下面介绍使用indexed-field = expression作为条件搜索B-tree的过程。假设被查找的key是49。

查询从根节点开始，然后需要确定向下查找哪个子节点。由根节点中的key可知，应该查询第2个子节点，因为32 ≤ 49 < 64。使用类似的方式，可以找到叶节点，进而找到所需的TID。

实际上，一些特殊情况使这个过程变得很复杂。例如，索引中可能有很多重复值，并且这些重复值不能被容纳到同一个页面中。为了不漏掉某些值，我们必须下降到严格小于49的key所指的孩子节点。即，从小于49的key中，选取最大的一个，下降到这个key指向的孩子节点，遍历这个孩子节点。

查找过程中，索引页面可能会发生分裂，这也使查找过程变得复杂。所有的算法都致力于在这种场景下提高并发。本文不讨论这些内容。

1.2 非等值查询

当使用indexed-field ≤ expression或indexed-field ≥ expression作为条件查询时，我们先找到一个边界值，使它满足indexed-field = expression，然后按照合适的顺序遍历叶子页面即可。

下面的示例描述了查找n ≤ 35的过程：

大与和小于的查找过程和上面的过程类似，只需要丢弃边界值即可。

1.3 范围查询

当使用expression1 ≤ indexed-field ≤ expression2作为条件查询时，我们可以先找到expression1，然后按顺序遍历叶子节点，直到indexed-field ≤ expression2不再满足。同理，也可以先找到expression2，然后反向扫描。

下面的示例展示了使用23 ≤ n ≤ 64作为条件的查找过程：

2. 示例

我们看一下查询计划的模样。本文仍然使用上一篇提到的demo数据库，这次给aircraft表建立索引。这个表中只有9行数据，优化器默认不选索引扫描，因为所有的数据都在一个页面中，使用顺序扫描效率最高。
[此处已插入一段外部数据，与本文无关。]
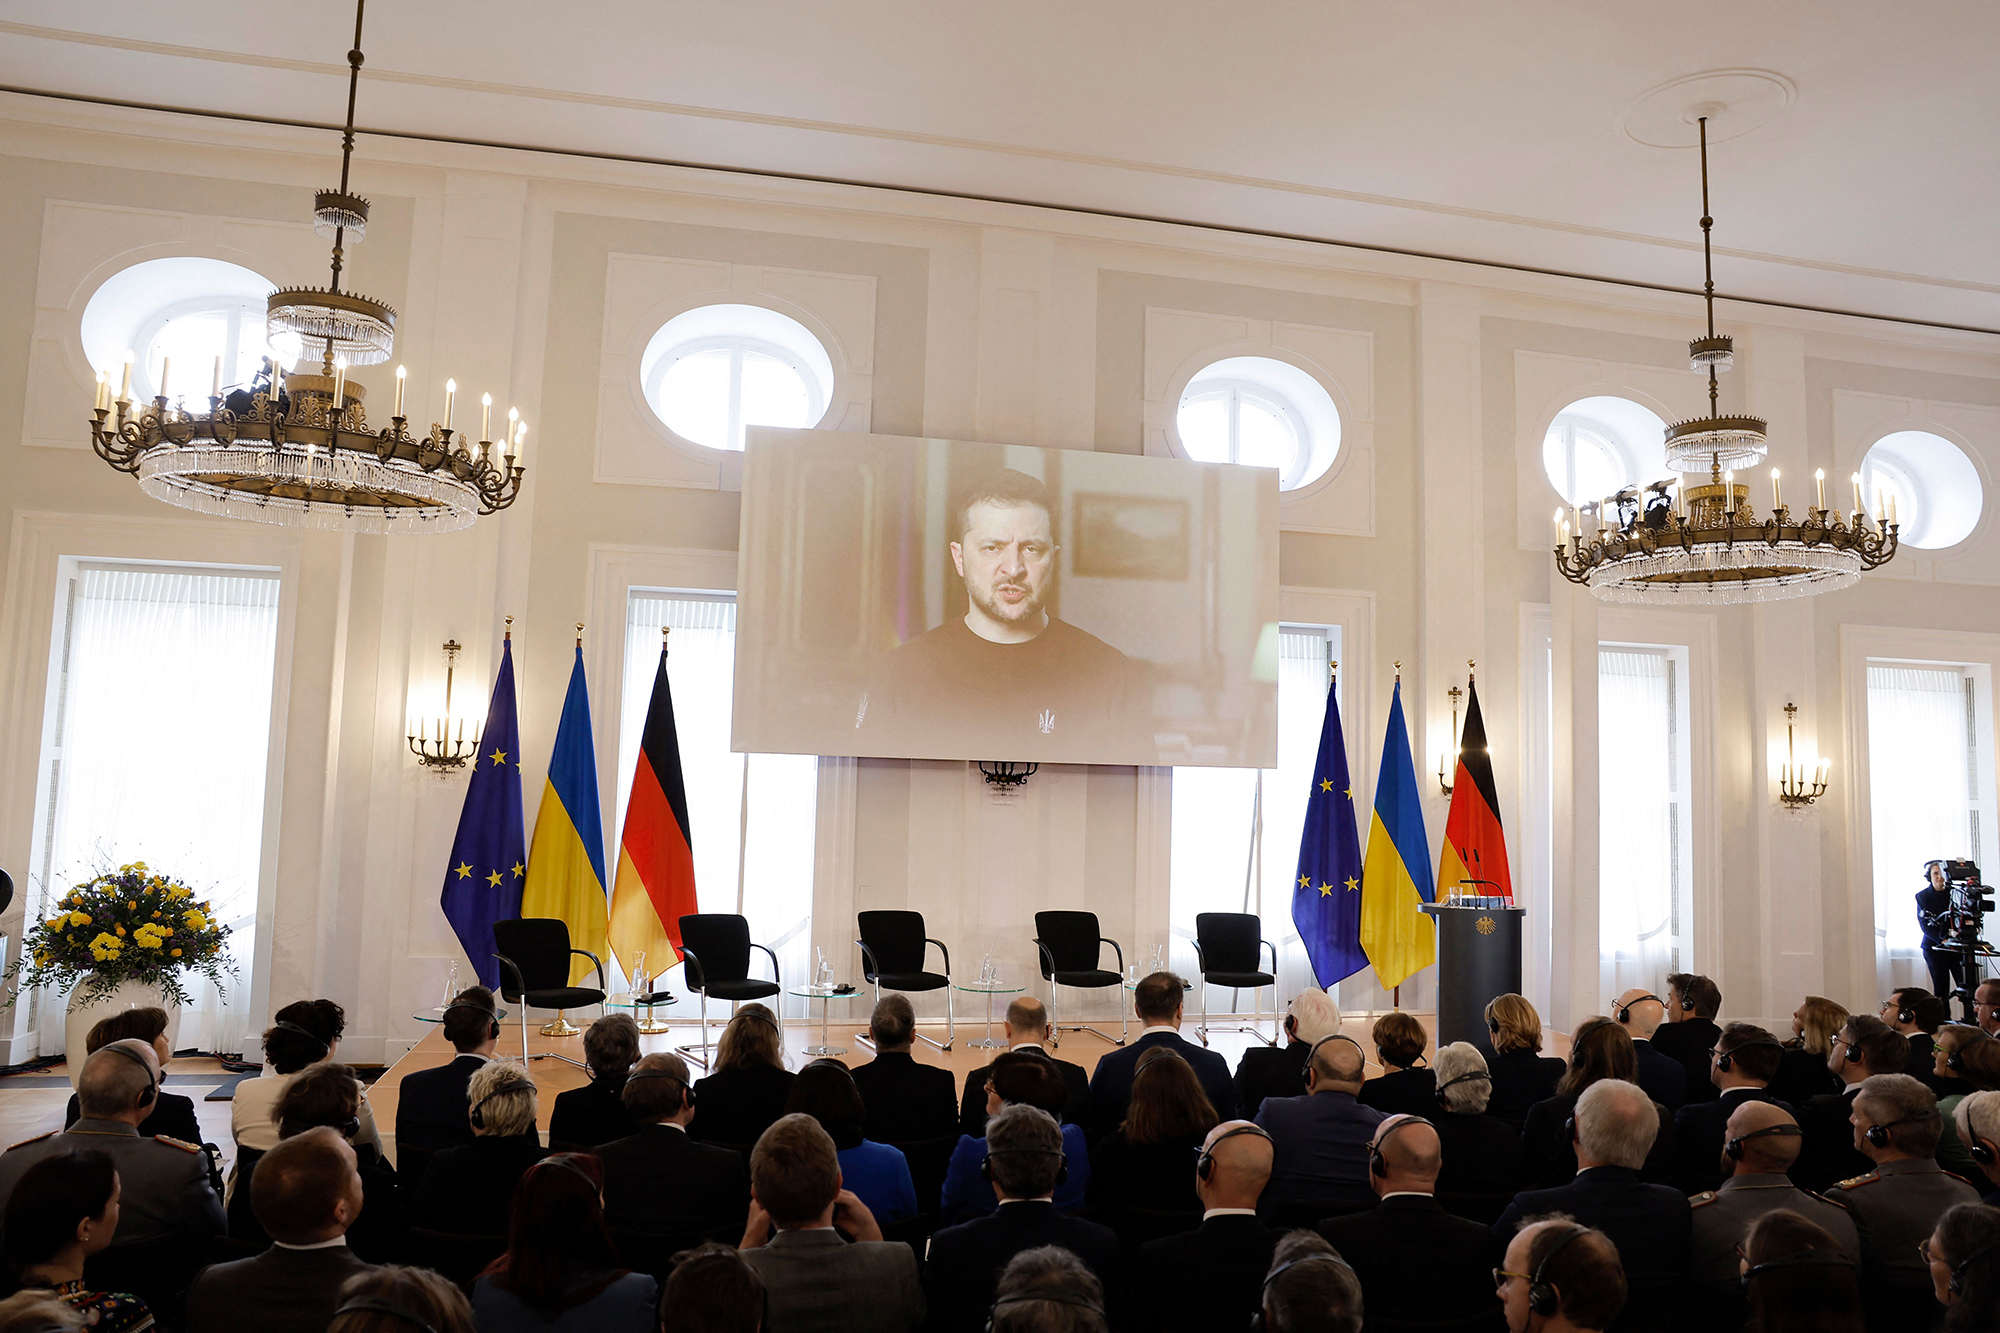 Ukrainian President Volodymyr Zelensky is seen on a screen as he addresses guests during a commemoration event on February 24, at the presidential Bellevue Palace in Berlin, Germany.

但是这张表非常适合用来演示。

select * from aircrafts;

 aircraft_code |        model        | range 
---------------+---------------------+-------
 773           | Boeing 777-300      | 11100
 763           | Boeing 767-300      |  7900
 SU9           | Sukhoi SuperJet-100 |  3000
 320           | Airbus A320-200     |  5700
 321           | Airbus A321-200     |  5600
 319           | Airbus A319-100     |  6700
 733           | Boeing 737-300      |  4200
 CN1           | Cessna 208 Caravan  |  1200
 CR2           | Bombardier CRJ-200  |  2700
(9 rows)

create index on aircrafts(range);
set enable_seqscan = off;

也可以显式指定索引类型：

create index on aircrafts using btree(range);

等值查询：

explain(costs off) select * from aircrafts where range = 3000;

                    QUERY PLAN                     
---------------------------------------------------
 Index Scan using aircrafts_range_idx on aircrafts
   Index Cond: (range = 3000)
(2 rows)

非等值查询：

explain(costs off) select * from aircrafts where range < 3000;

                     QUERY PLAN                    
---------------------------------------------------
 Index Scan using aircrafts_range_idx on aircrafts
   Index Cond: (range < 3000) 
(2 rows)

范围查询：

explain(costs off) select * from aircrafts
where range between 3000 and 5000;

                     QUERY PLAN                      
-----------------------------------------------------
 Index Scan using aircrafts_range_idx on aircrafts
   Index Cond: ((range >= 3000) AND (range <= 5000))
(2 rows)

3. 排序

使用B-tree索引进行Index Scan、Index Only Scan时，可以按顺序返回数据。所以，如果表在排序条件上有索引，优化器有两种选择：1)直接扫描索引，按顺序返回结果；2)顺序扫描，然后对结果进行排序。

3.1 索引列值排序的顺序

在创建索引时，我们可以显式指定排序的顺序，比如：

create index on aircrafts(range desc);

这种情况下，较大的值在树的左边，较小的值在右边。

上文提到，B-tree可以支持正向扫描和反向扫描，显式指定排序方式有什么用呢？

这对多列索引可能有用。

我们首先建立一个视图，它将飞机按续航里程划分为短程、中程、远程三种类型。下文的查询将使用这个视图，以便简化SQL语句。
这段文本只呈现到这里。